From c5c93f2d4c315c96b4f05c3c2c7ec6942a3d3218 Mon Sep 17 00:00:00 2001
From: Edd Barrett <vext01@gmail.com>
Date: Thu, 16 Mar 2017 15:53:45 +0000
Subject: [PATCH] Tweaks, but somethign is wrong.

---
 src/lifetimes.md | 79 ++++++++++++++++++++++++++++--------------------
 1 file changed, 46 insertions(+), 33 deletions(-)

diff --git a/src/lifetimes.md b/src/lifetimes.md
index 78d4867..fd2604f 100644
--- a/src/lifetimes.md
+++ b/src/lifetimes.md
@@ -214,20 +214,15 @@ to the compiler. However it does mean that several programs that are totally
 correct with respect to Rust's *true* semantics are rejected because lifetimes
 are too dumb.
 
-# Unifying Lifetimes
-
-XXX: is unification a good term to be using?
-
-Often the Rust compiler must prove that two references with different lifetimes
-are compatible. We call this *unification* of lifetimes.

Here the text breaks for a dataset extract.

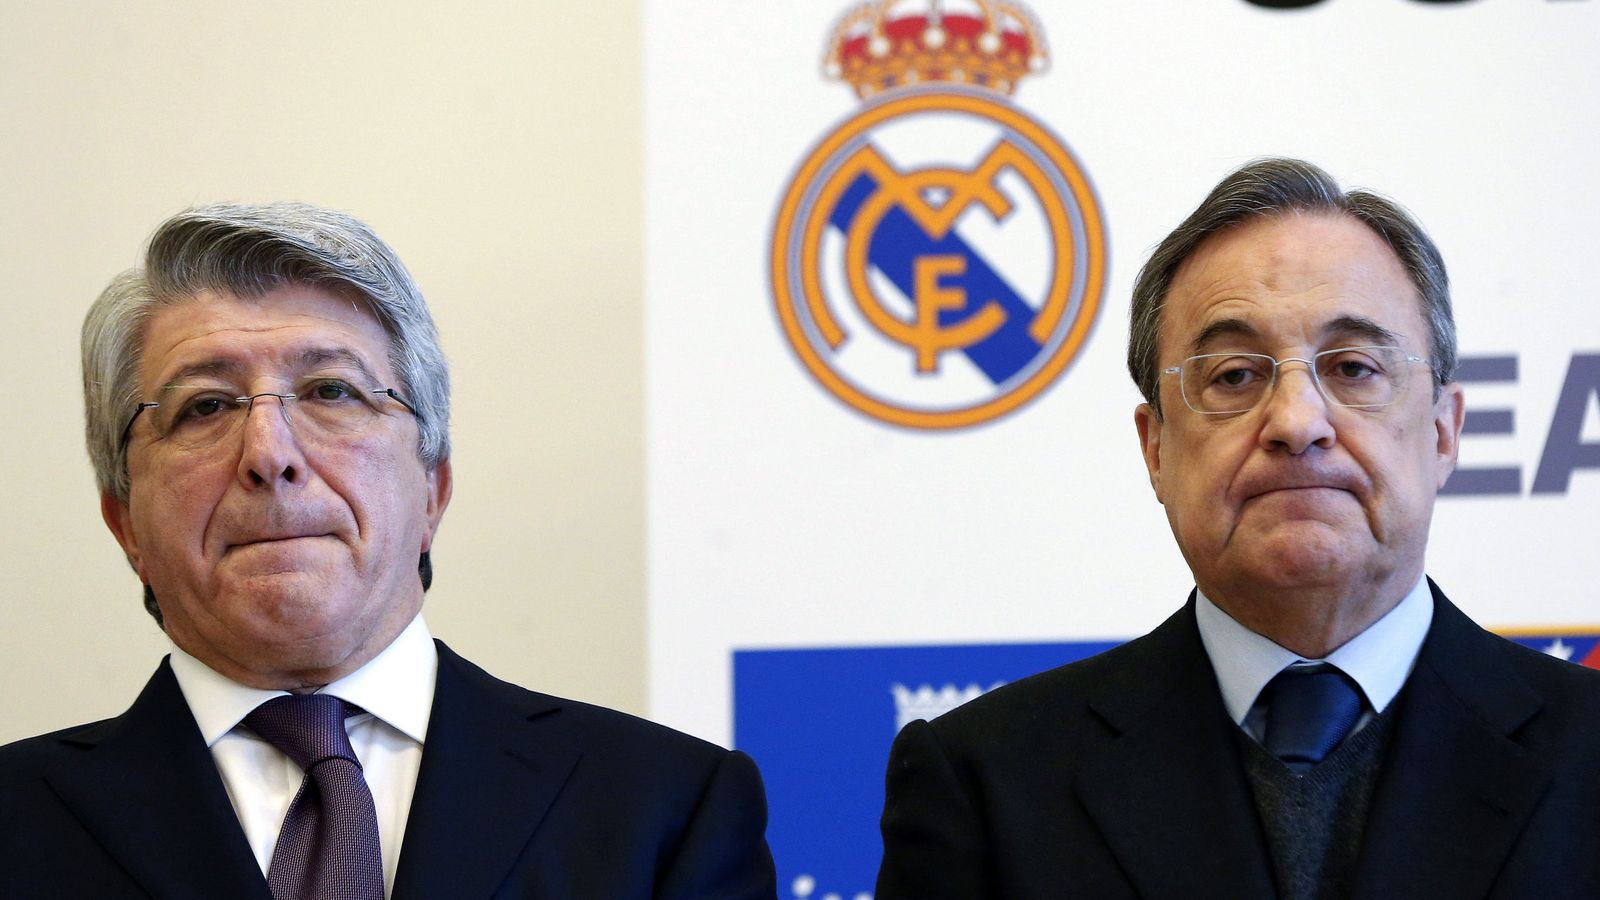 Foto: En la imagen, Enrique Cerezo y Florentino Pérez, presidentes de Atlético y Real Madrid, respectivamente (EFE)

+# A More Involved Example.
 
 Consider the following program:
 
 ```rust,ignore
 fn main() {
     let s1 = String::from("short");
-    let s2 = String::from("a long long long string");
-    println!("{}", shortest(&s1, &s2));
+    let s2r = &String::from("a long long long string");
+    println!("{}", shortest(&s1, s2r));
 }
 
 fn shortest<'k>(x: &'k str, y: &'k str) -> &'k str {
@@ -241,18 +236,17 @@ fn shortest<'k>(x: &'k str, y: &'k str) -> &'k str {
 
 The idea is that `shortest()` returns a reference to the shorter of the two
 strings referenced by its arguments, but *without* allocating a new string.
-Let's de-sugar main so we can see the implicit lifetimes:
+Let's de-sugar `main()` so we can see the implicit lifetimes:
 
 ```rust,ignore
 fn main() {
     'a {
         let s1 = String::from("short");
-        'b {
-            let s2 = String::from("a long long long string");
+        b' {
+            let s2r: &'b = &'b String::from("a long long long string");
             'c {
-                // Like before, an anonymous scope introduced since &s1 doesn't
-                // need to last as long as s1 itself, and similarly for s2.
-                println!("{}", shortest(&'b s1, &'a s2));
+                // Annonymous scope for the borrow of s1
+                println!("{}", shortest(&'c s1, s2r));
             }
         }
     }
@@ -260,8 +254,8 @@ fn main() {
 ```
 
 Now we see that the references passed as arguments to `shortest()`, i.e. `&s1`
-and `&s2`, actually have different lifetimes, `&'a` and `&'b`, since their
-referents are defined in different scopes. However, the signature of
+and `&s2`, actually have different lifetimes (`&'b` and `&'c` respectively), since the borrows occur in different scopes.
+However, the signature of
 `shortest()` requires that these two references (and also the returned
 reference, which has lifetime `'c`) have the same lifetime. So how does the
 compiler make sure this is the case?
@@ -269,32 +263,51 @@ compiler make sure this is the case?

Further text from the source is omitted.